→ Problem description
Every line below from the one containing "新品 INED イネド" through the one containing "Zdjęcie przedstawia otwarte" is to be printed exactly, with the pictures omitted.

→ Records for this task

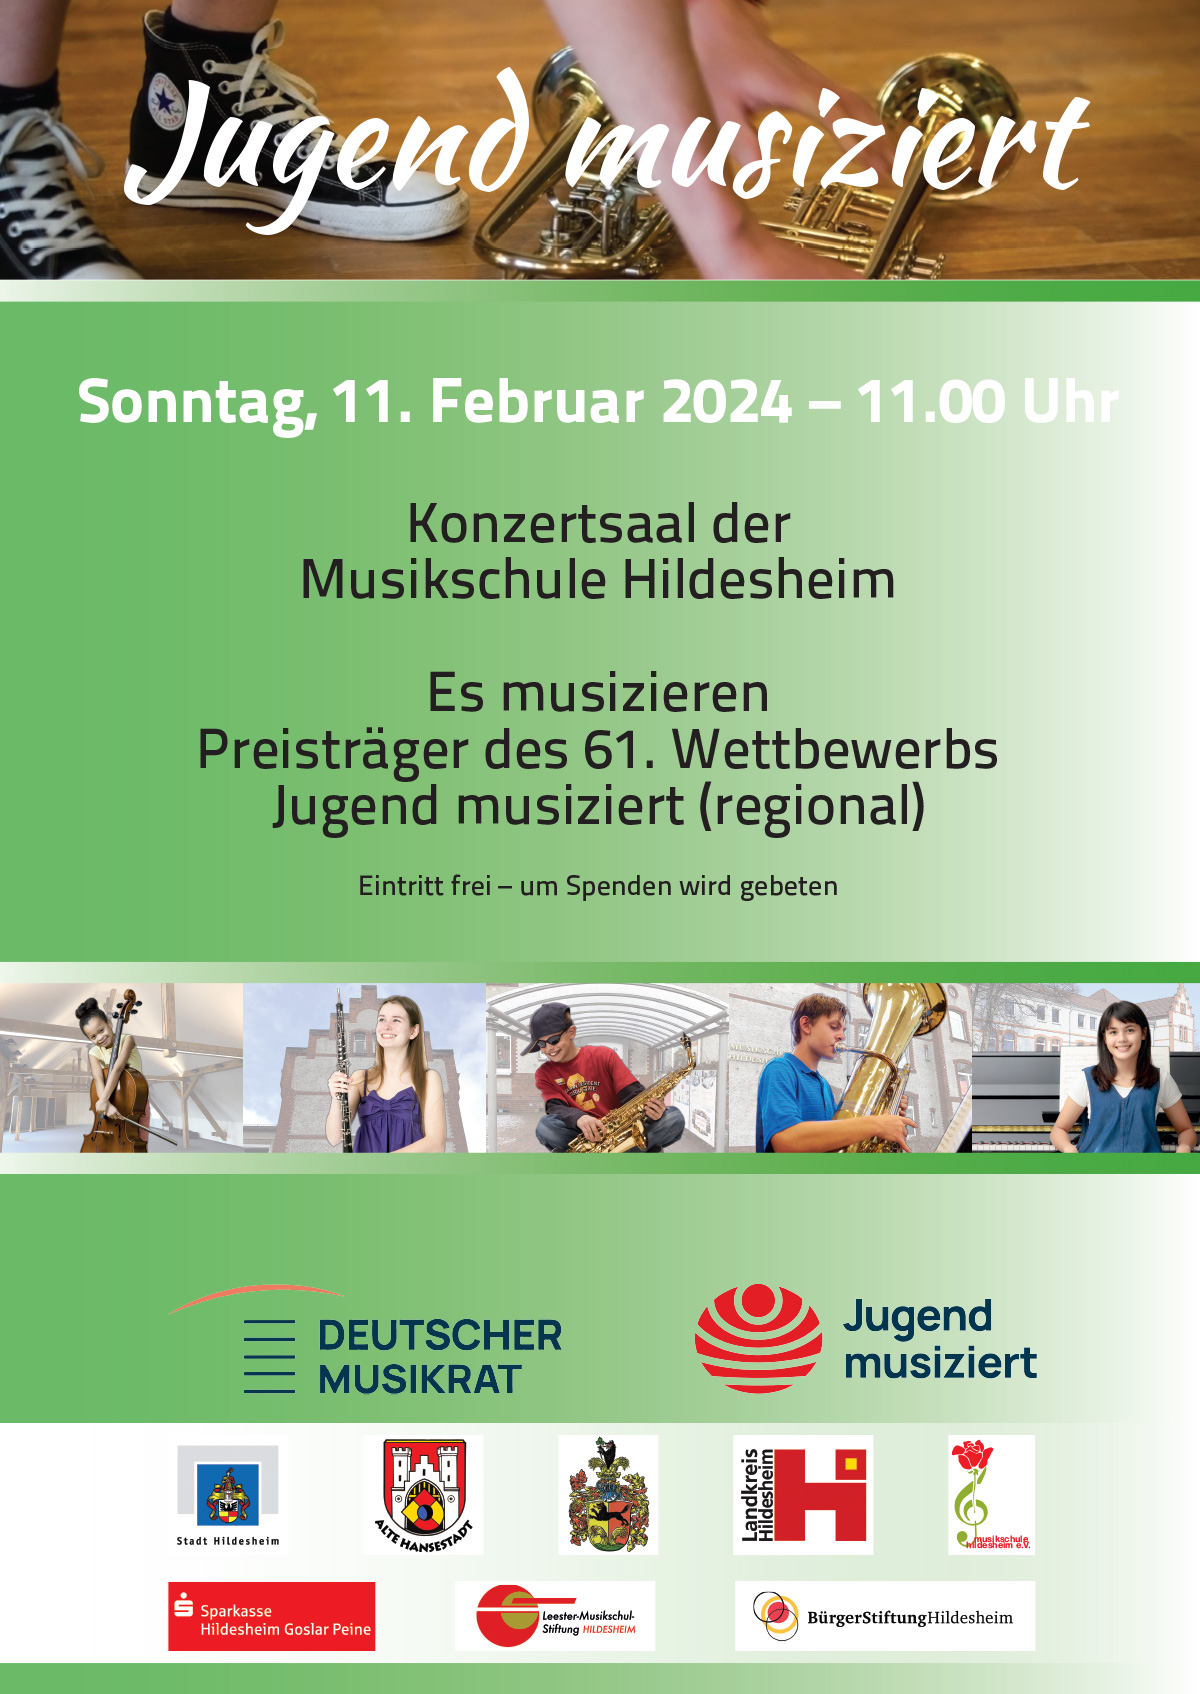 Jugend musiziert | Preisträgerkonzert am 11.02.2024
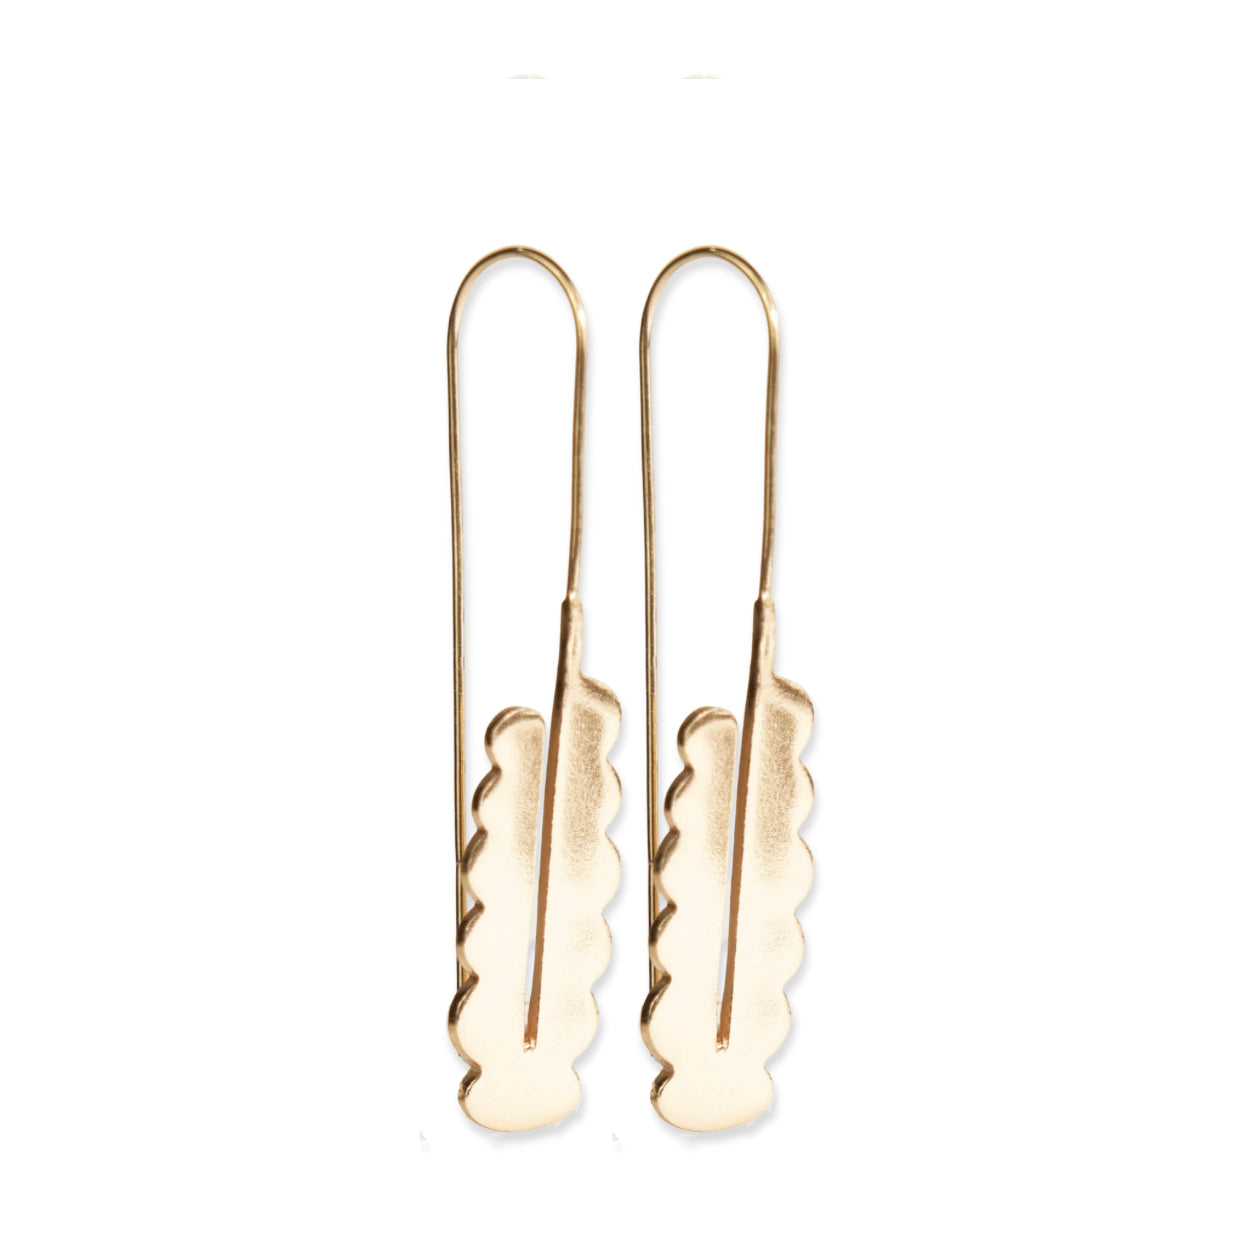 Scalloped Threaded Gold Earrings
* * *
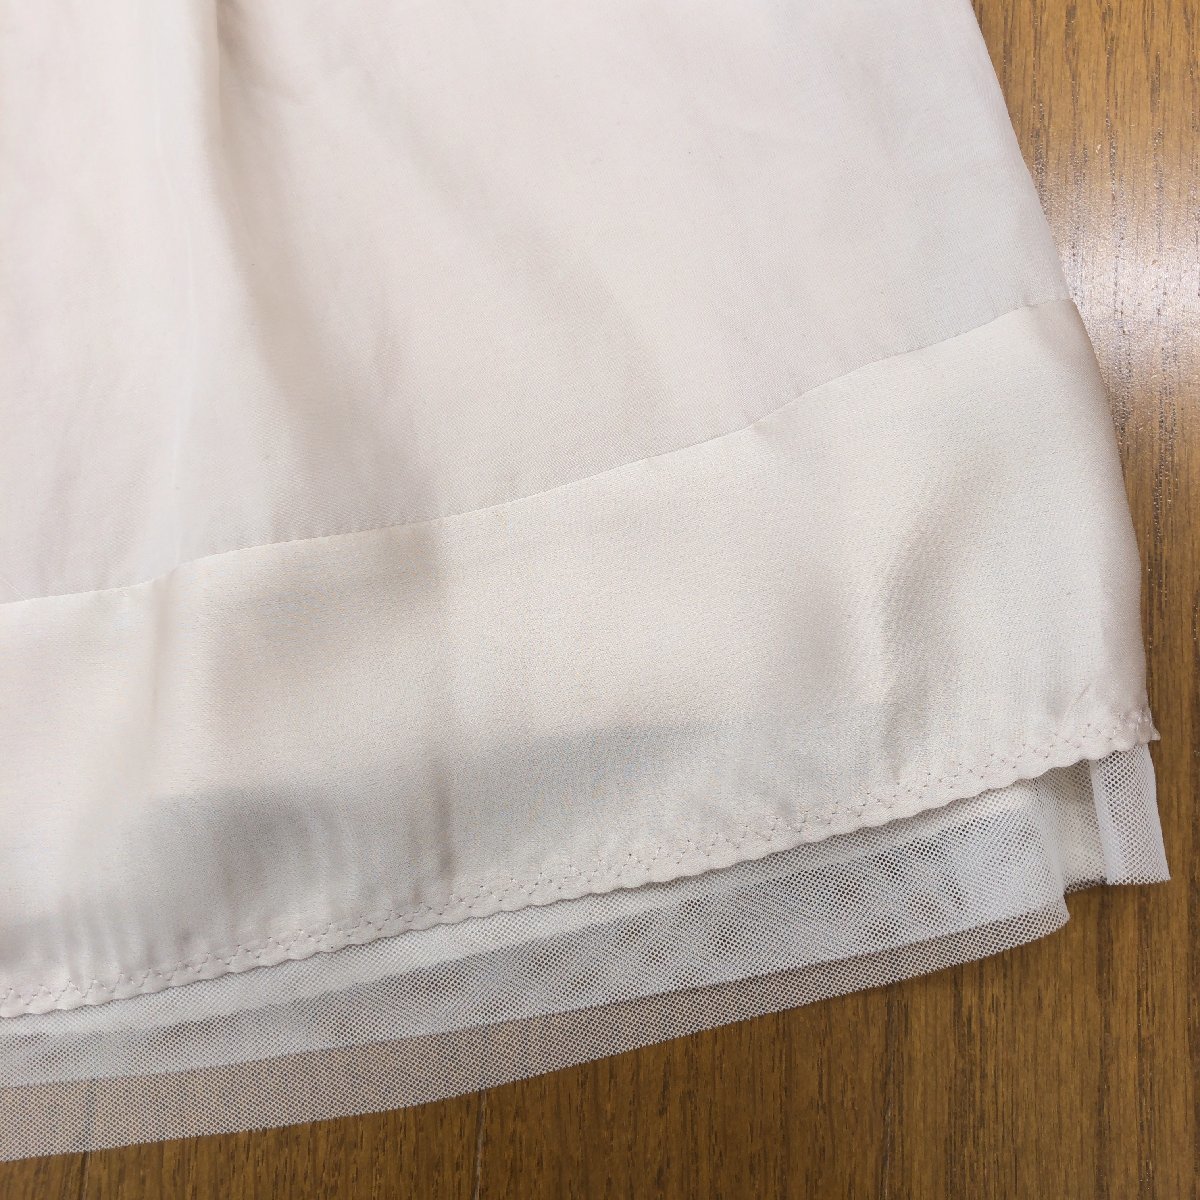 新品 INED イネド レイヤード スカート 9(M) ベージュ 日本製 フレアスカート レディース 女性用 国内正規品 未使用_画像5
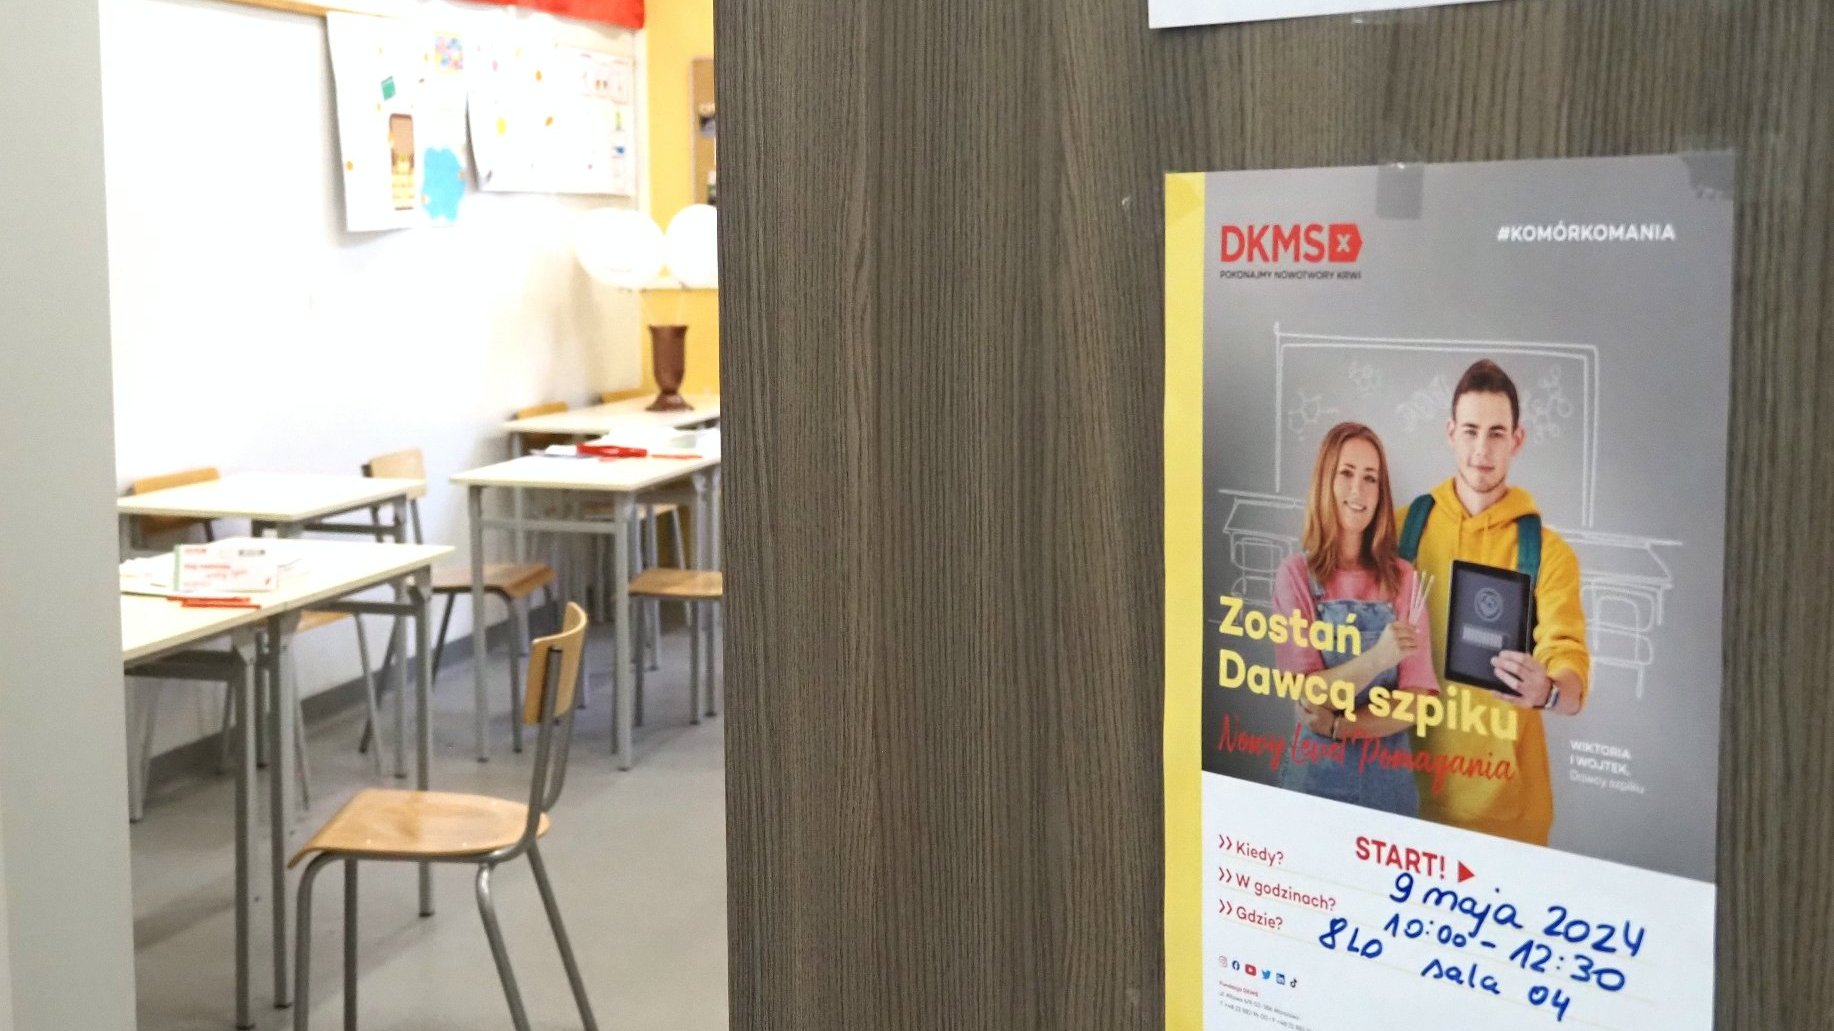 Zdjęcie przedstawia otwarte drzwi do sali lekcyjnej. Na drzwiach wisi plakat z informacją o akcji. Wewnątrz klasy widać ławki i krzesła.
==
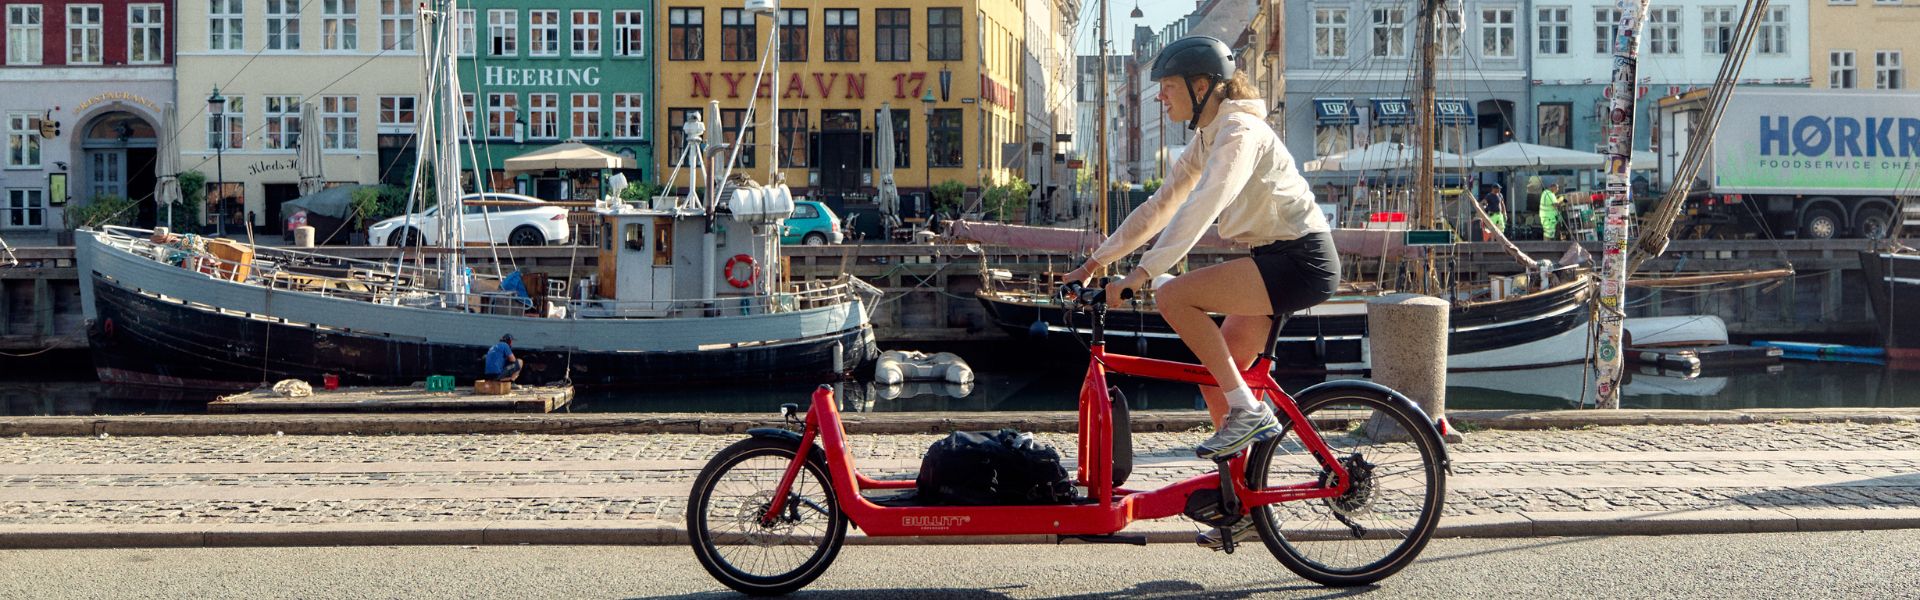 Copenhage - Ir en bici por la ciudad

→ Output below
 新品 INED イネド レイヤード スカート 9(M) ベージュ 日本製 フレアスカート レディース 女性用 国内正規品 未使用_画像5
 Zdjęcie przedstawia otwarte drzwi do sali lekcyjnej. Na drzwiach wisi plakat z informacją o akcji. Wewnątrz klasy widać ławki i krzesła.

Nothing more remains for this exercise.